As it turns out, the Stasi — short for Staatssicherheitsdienst (State Security Service) — were greatly involved in Radulovic’s life, whether he was aware of it or not. They were in charge of surveilling the newly cleaved East Germany as an arm of the German Democratic Republic (GRD). Today, Radulovic is the marquee story told by the Stasi Archive museum.
The Stasi immediately attached themselves to Radulovic, who was taking part in a “Thursday Circle” discussion group on the humanities, science and current events. The secret police identified them as a “hostile-negative group,” an identifier which allowed them “…to criminalise and punish the voicing of almost every critical opinion…” the museum writes in a booklet on Radulovic’s life.
This opened the door for an investigation into the group, where their clandestine meetings would be infiltrated by undercover plainclothes Stasi officers. In the end, the investigation was quietly closed. Radulovic’s group committed no crimes; they weren’t given the chance. The Stasi’s Kopernikus operation — designed to surveil and control — had successfully intimidated the group into submission.

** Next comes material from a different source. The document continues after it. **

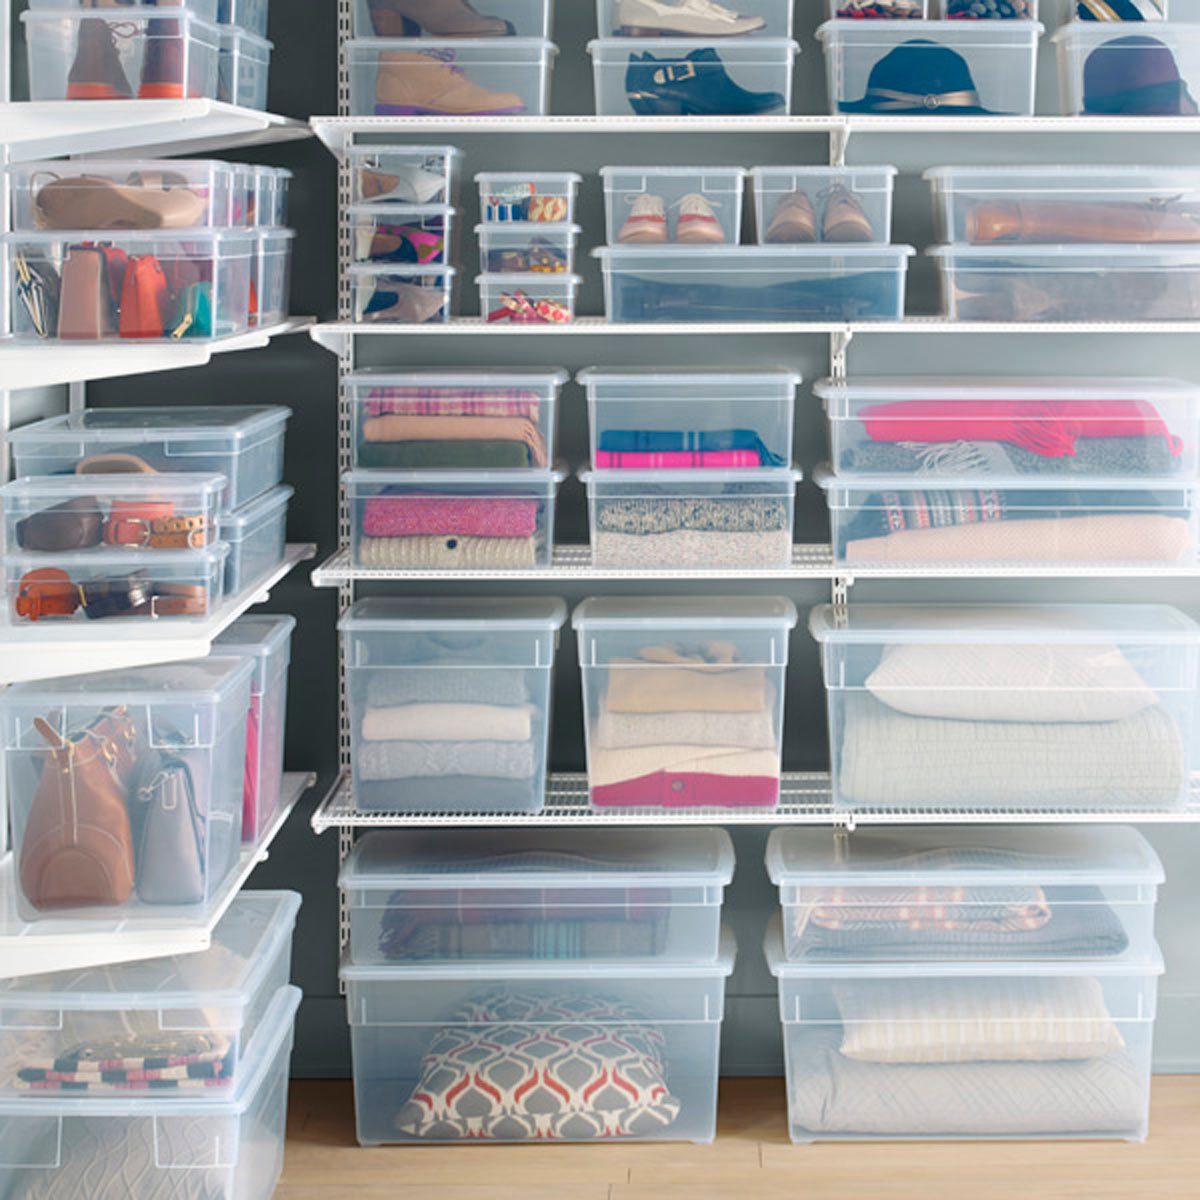 5 Signs It's Time to Replace Your Plastic Storage Containers

Painstakingly meticulous forms were compiled for every case the Stasi brought in, each designed to detail covert reportage, photos and recordings. Reports could detail a ten-minute walk down the street.
The case spanned1979–1980. The paperwork was archived in Stasi headquarters, located at Karl-Liebknecht-Str. 31/33.
In this building lie enough of these files to run 160 kilometers (roughly 100 miles). It includes more than five million names, all marked, in some degree, like Radulovic: “anti-state agitators” dangerous to the GDR.
For perspective, this was nearly a third of all East Germany. Index cards bearing name, occupation and age are filed next to big chrome spools of recorded conversations. A short metro ride away, Berlin’s iconic TV tower, its own all-seeing eye into the lives of West Berliners stranded on their oasis of linden trees, towers as a relic panopticon of Soviet might.
Stasi surveillance was decades before monitoring people was relatively easy thanks to Facebook, Twitter and Instagram. It comes as no surprise, then, that one of the more tempestuous relationships Germans have today is with an invading force of everyday life: social media. Before the Stasis it was the Nazis who categorized, stalked and built an empire of information on those they found their adversaries. The value of information is built into the German constitution in spite of this history, and as media giants such as Facebook continue to build distrust in the value of our growing interconnectedness, the German model offers an opportunity for reflection and education.
The value of data
The information important to us has remained relatively consistent. When we look at our profiles, we define ourselves along traditional lines of where we are, where we work and where we’ve been. We put out pulsars of location check-ins, advertise our hobbies with limited screen space and character limits. We invent ourselves to the world.
It’s the same information the Stasi found so compelling — and definitive. Had the internet existed during those tumultuous years, it isn’t hard to fathom it would be used by authoritarians to surveil potential threats to power. Yet today, human connection has radically changed through the advent of the internet — and with that power comes a concerning level over who gets to know who we are.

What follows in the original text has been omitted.